HIV conversation centers on pill that prevents transmission

John Byrne was born in 1981, a few months before the U.S. Centers for Disease Control and Prevention revealed a new report about “five young, previously healthy, gay men in Los Angeles” suffering from strange infections that had already killed two of them.

That was on June 5. Throughout that summer, doctors across the United States reported similar cases of “GRID” (gay-related immune deficiency) and The New York Times reported on a deadly cancer affecting 41 gay men in New York and California in early July. The next year, the CDC named the new plague AIDS, and gay men in San Francisco and New York City began the first community-based efforts to eradicate its cause, human immunodeficiency virus or HIV.

Condoms were the only reliable defense against contracting HIV then, and AIDS activists fervently encouraged young gay men not to bareback.

More than three decades since those first reports, plenty has improved across the country when it comes to HIV and AIDS. Still, Miami-Dade and Broward counties still claim the highest rates of new HIV infections in the United States. Byrne, publisher of RawStory.com, and others throughout South Florida have begun their own community-based campaigns to address this alarming local trend.

And despite warnings from activists, drug companies and the U.S. government, some young men are dropping the latex in favor of a little blue pill deemed equally effective in preventing the spread of HIV.

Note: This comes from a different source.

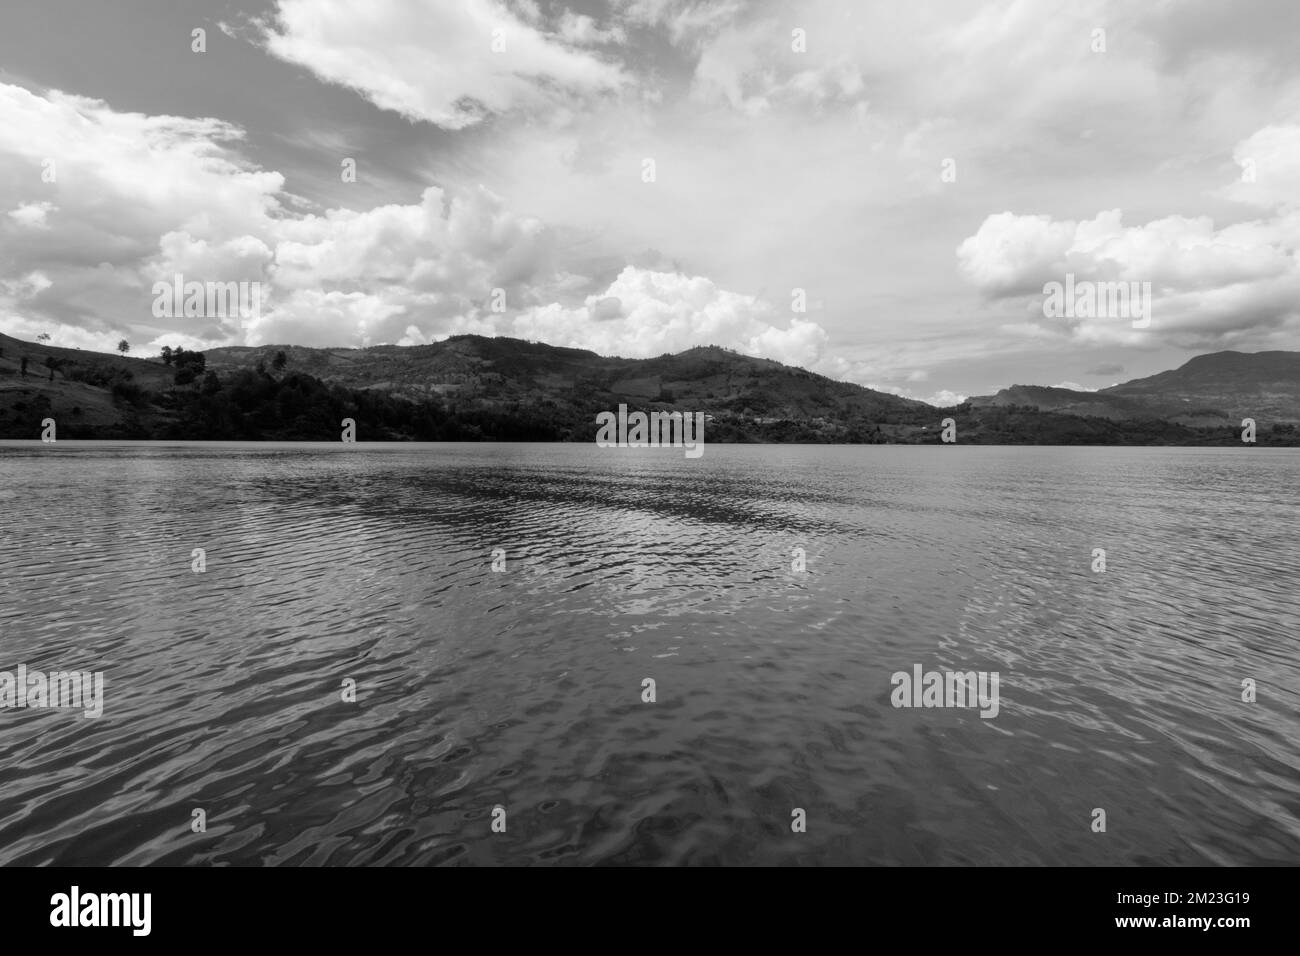 Kolumbianische Guavio-Reservoir-Landschaft mit bewölktem Himmel. Schwarzweißfotografie Stockfoto
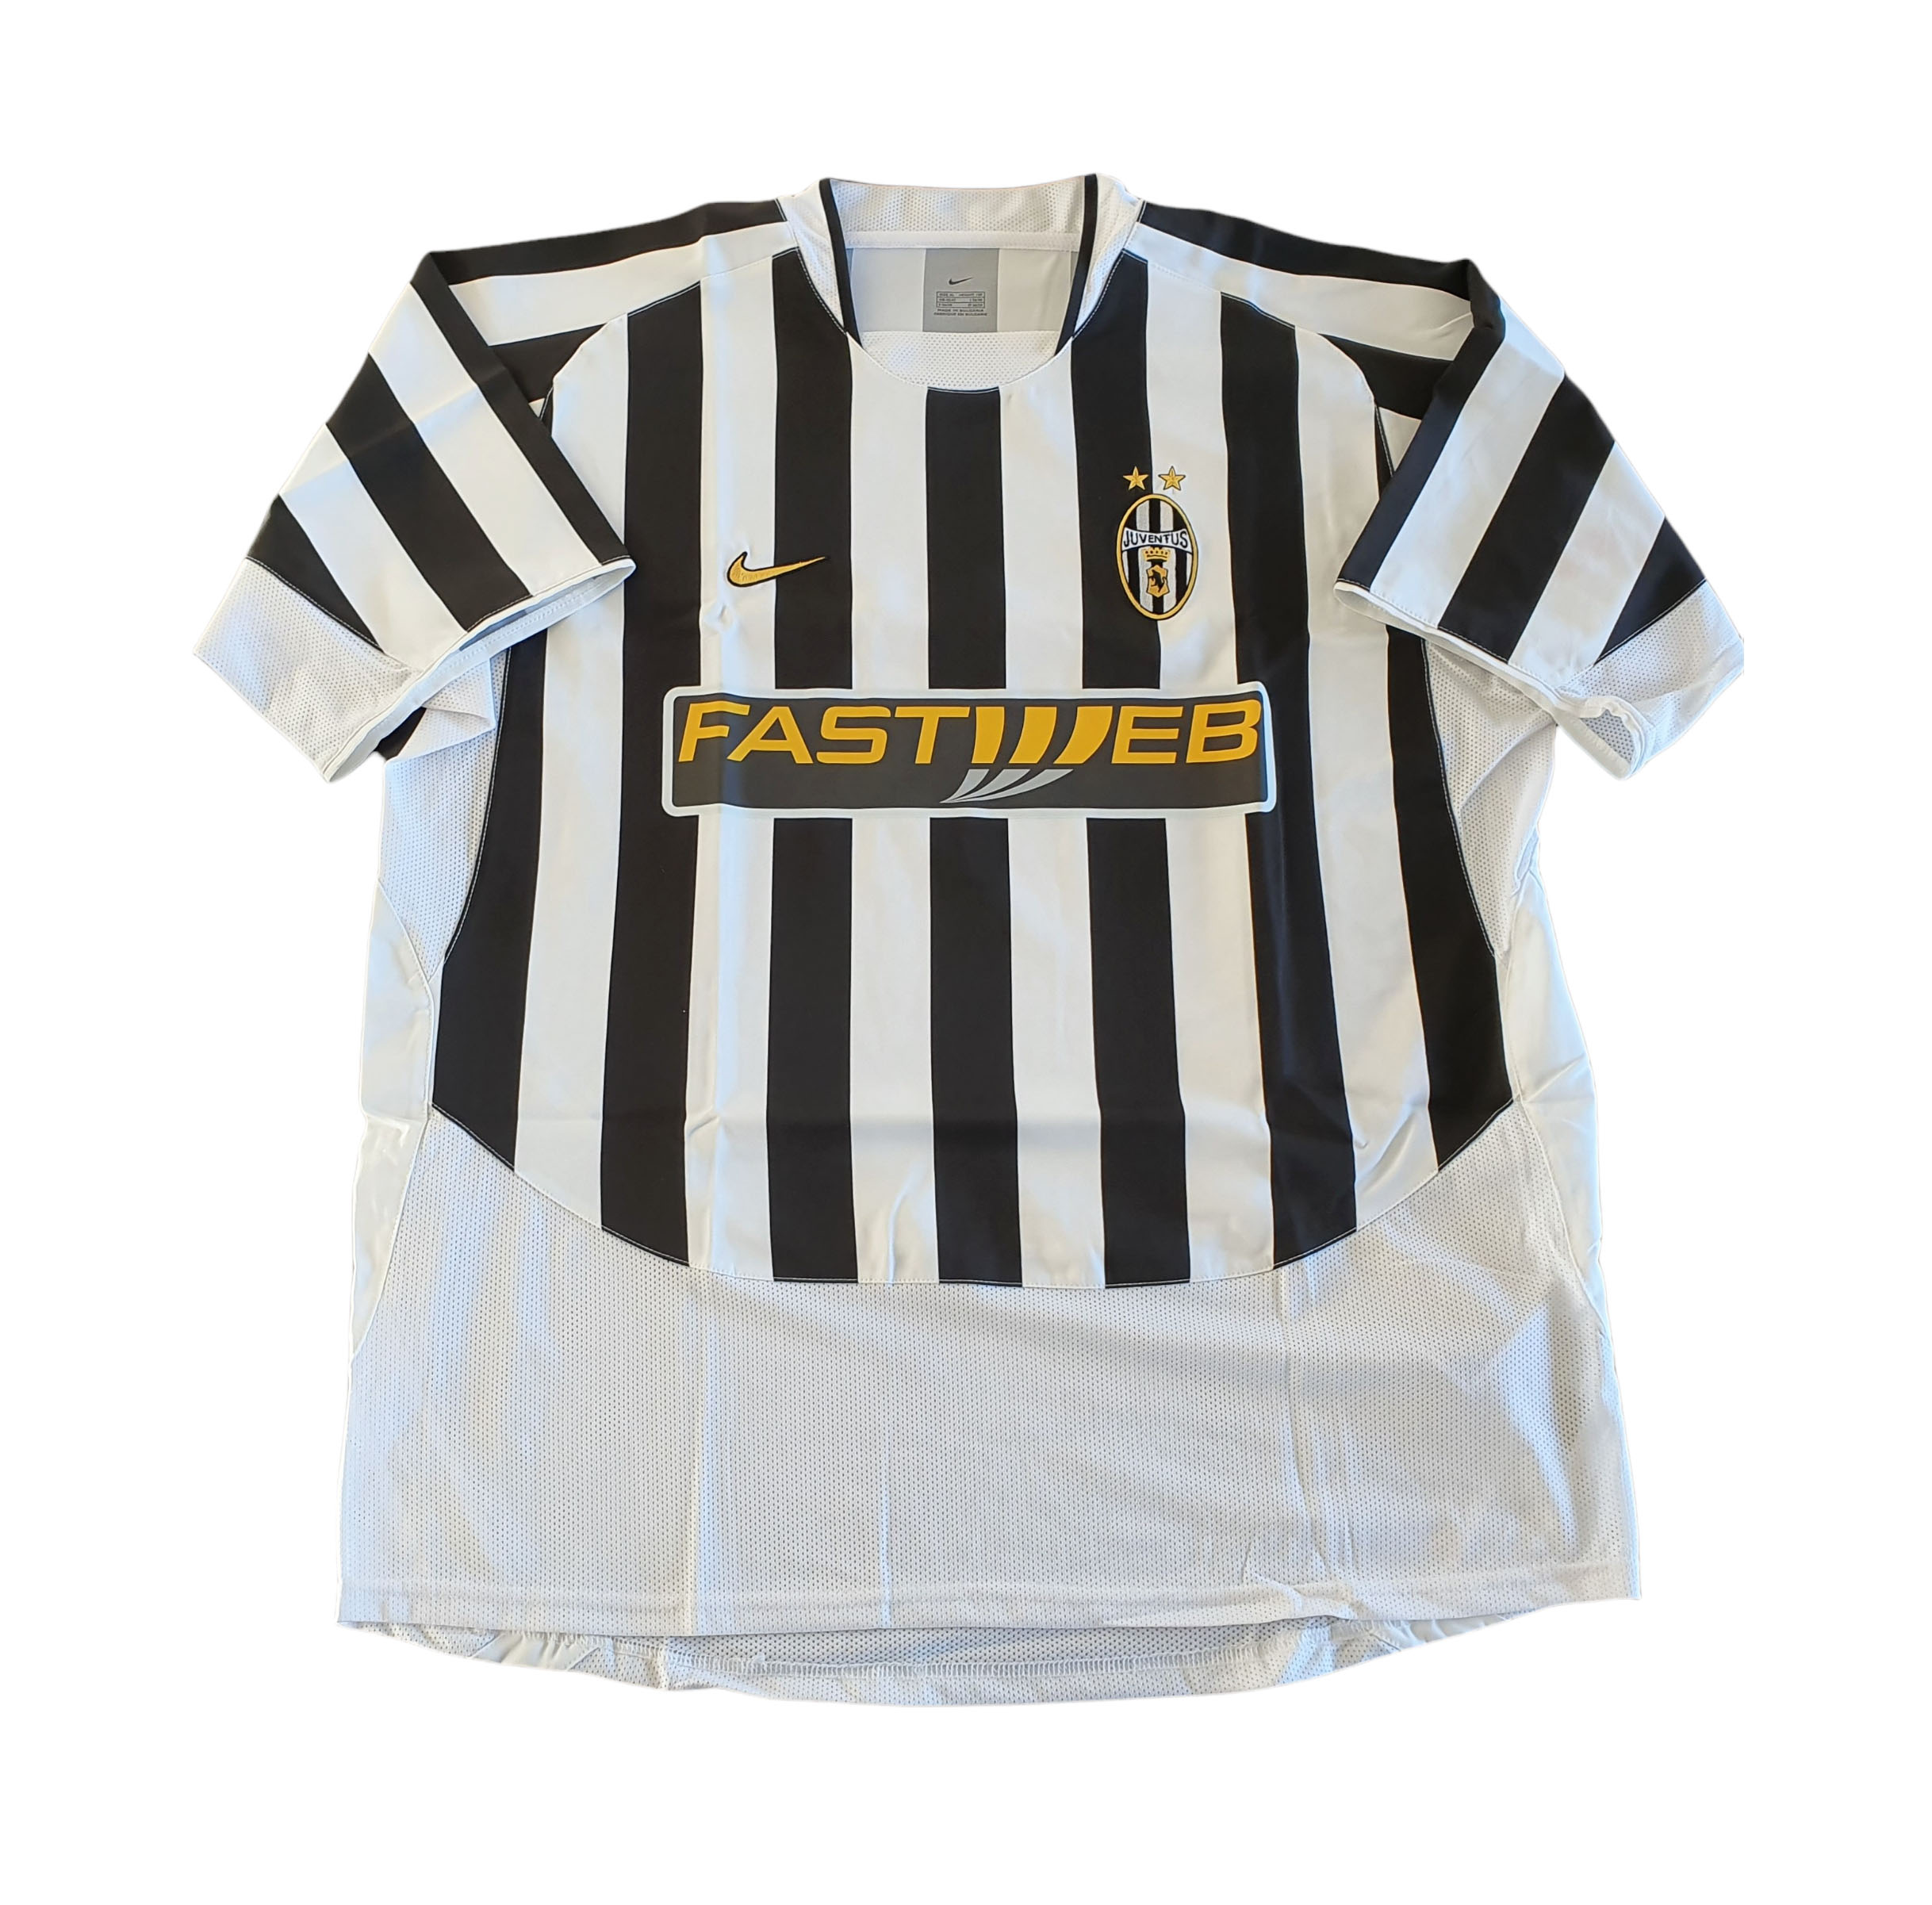 Juventus 2003-04 maglia Nike home

The pill, Truvada by Gilead Sciences, has been used for about a decade for HIV treatment. As it turns out, it’s been found to be nearly 100 percent effective in preventing people who are HIV negative from contracting the virus.

“Swallow This” is the slogan for a campaign Byrne recently launched. He is advocating something revolutionary: the widespread use of PrEP or pre-exposure prophylaxis.

“I never really liked condoms. It didn’t feel sexy. It didn’t feel like sex,” says Byrne, who came out at 15 and became sexually active in high school at the height of the AIDS crisis.